■ What you will do:
In the records below, find the line that contains "Jupiler Pro League Logo" and the line that contains "Bose Soundlink Revolve", then retype exactly those two lines and every line between them.

■ Dataset entries:
-------------------------

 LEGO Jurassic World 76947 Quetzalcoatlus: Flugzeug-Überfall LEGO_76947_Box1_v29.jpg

-------------------------

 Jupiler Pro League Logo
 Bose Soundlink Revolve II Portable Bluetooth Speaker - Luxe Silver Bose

-------------------------

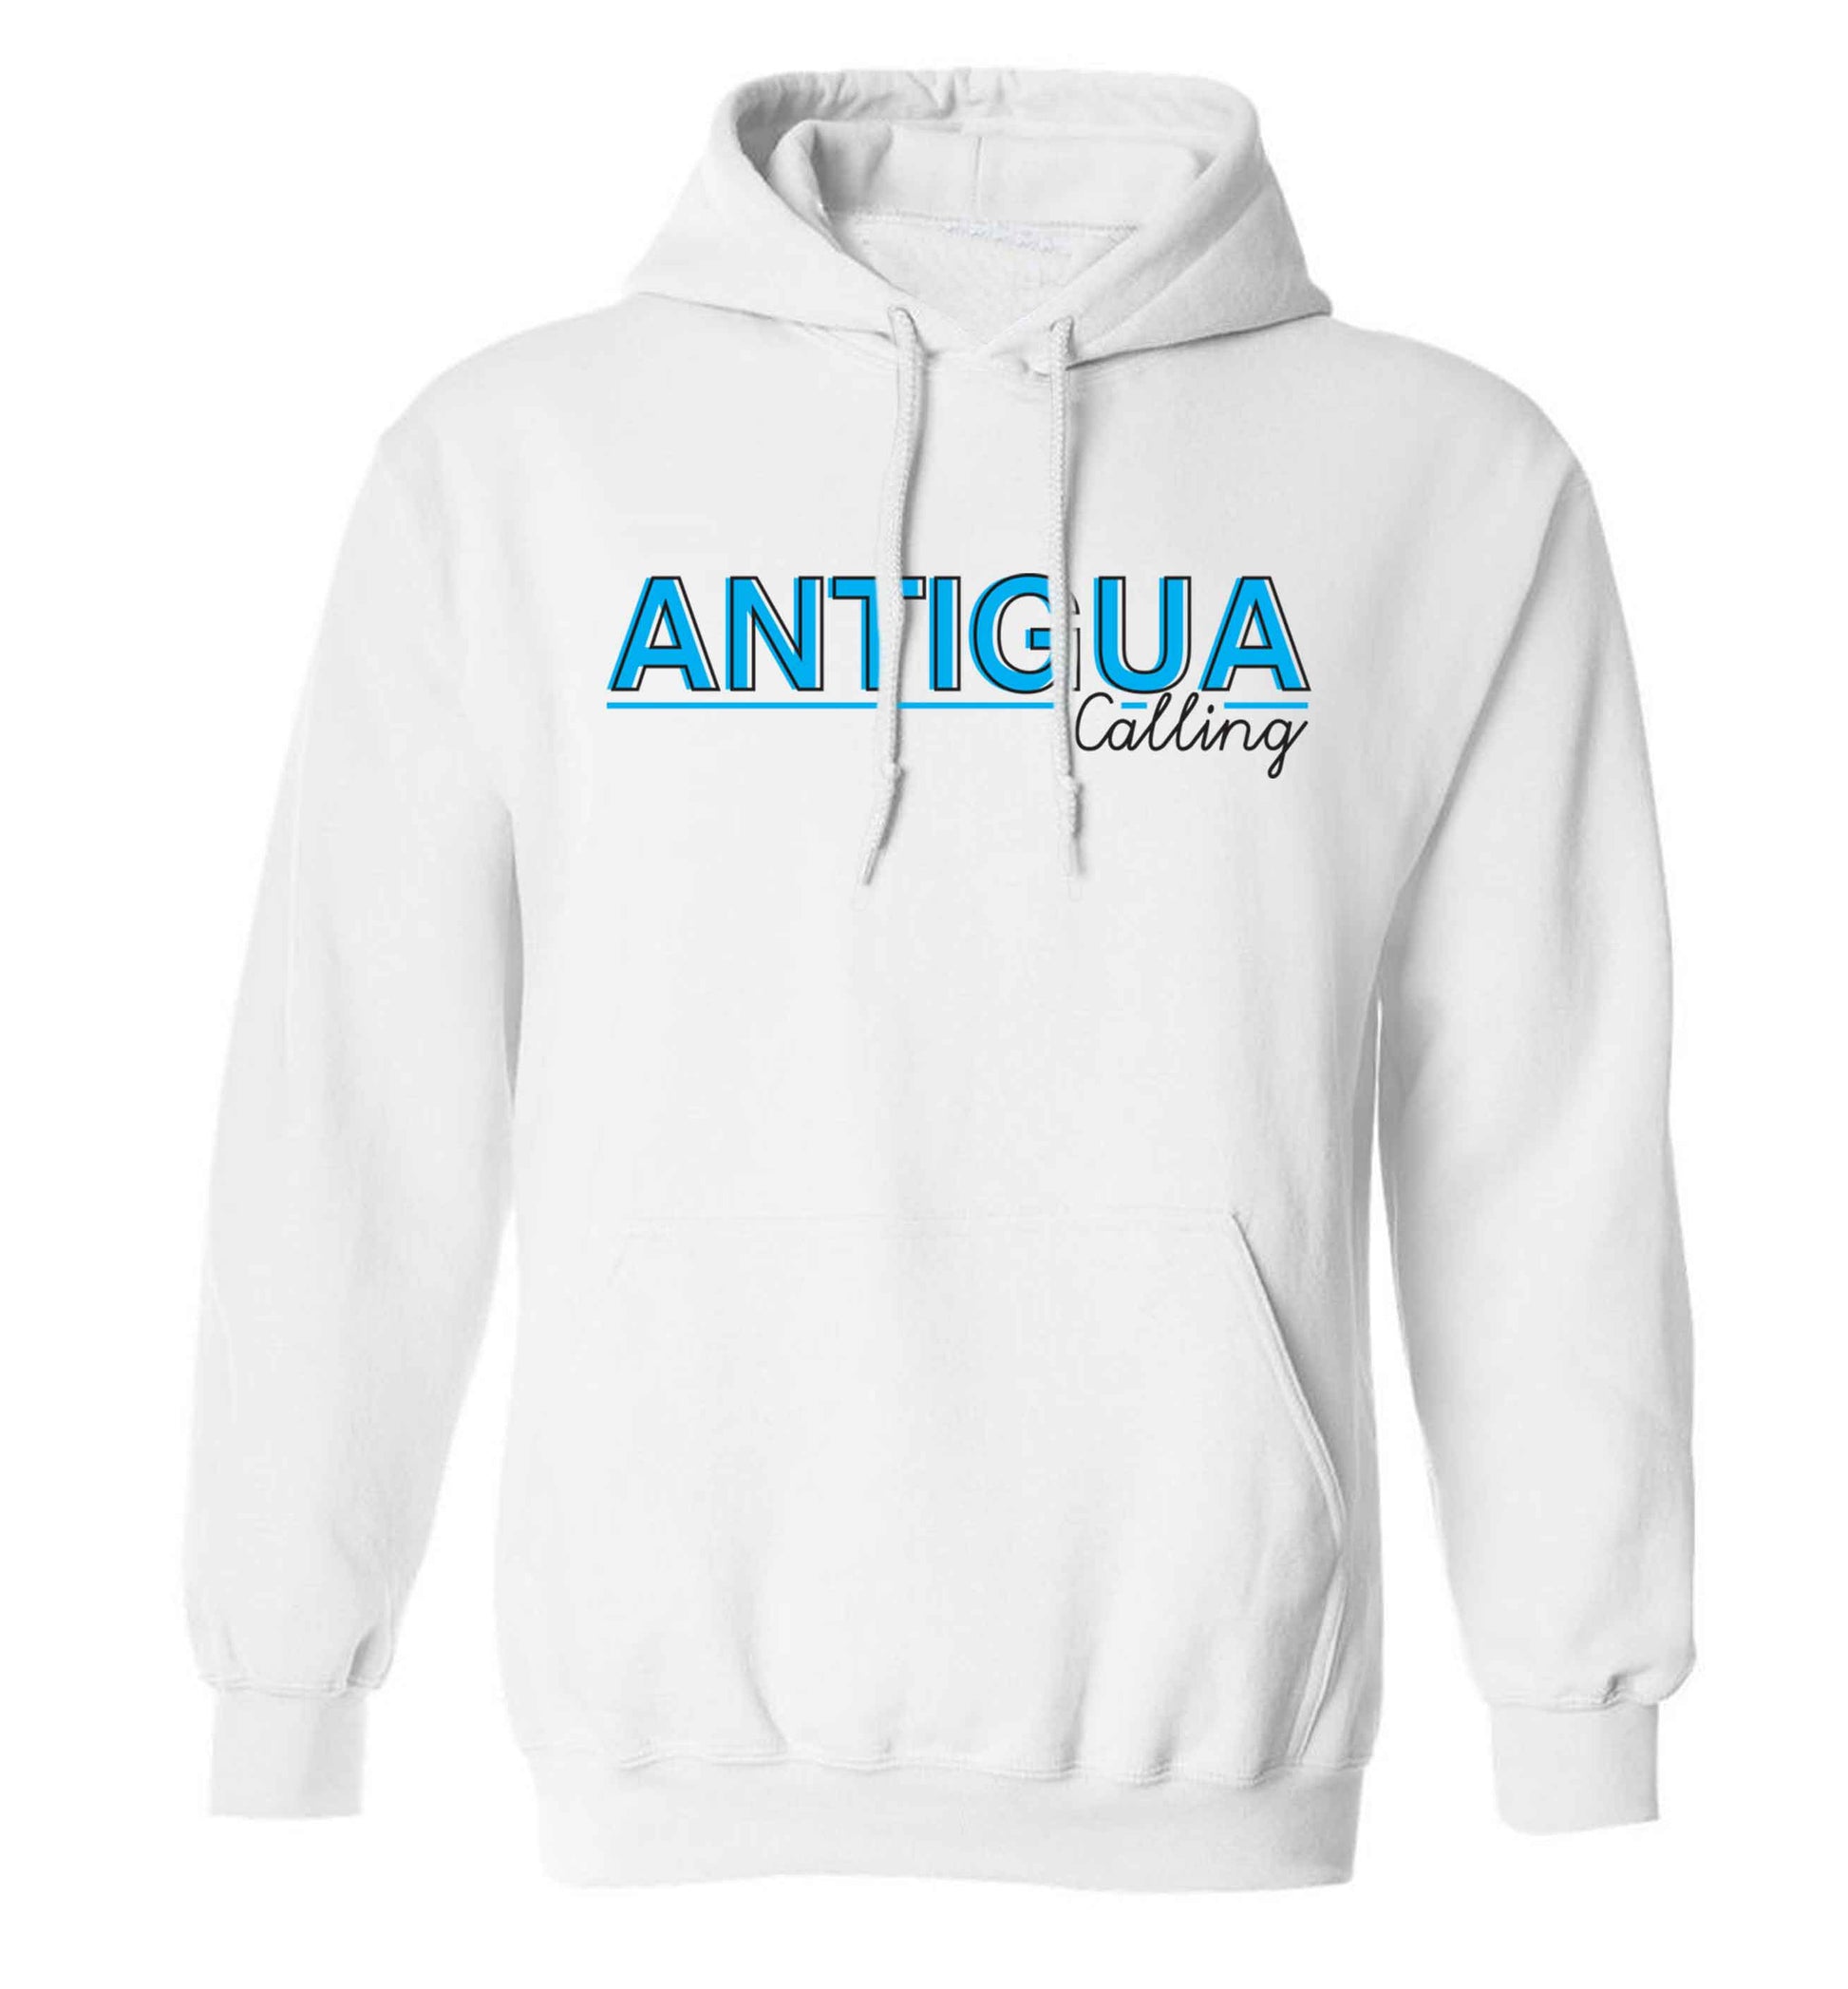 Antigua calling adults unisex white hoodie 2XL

-------------------------

■ Answer for the task:
 Jupiler Pro League Logo
 Bose Soundlink Revolve II Portable Bluetooth Speaker - Luxe Silver Bose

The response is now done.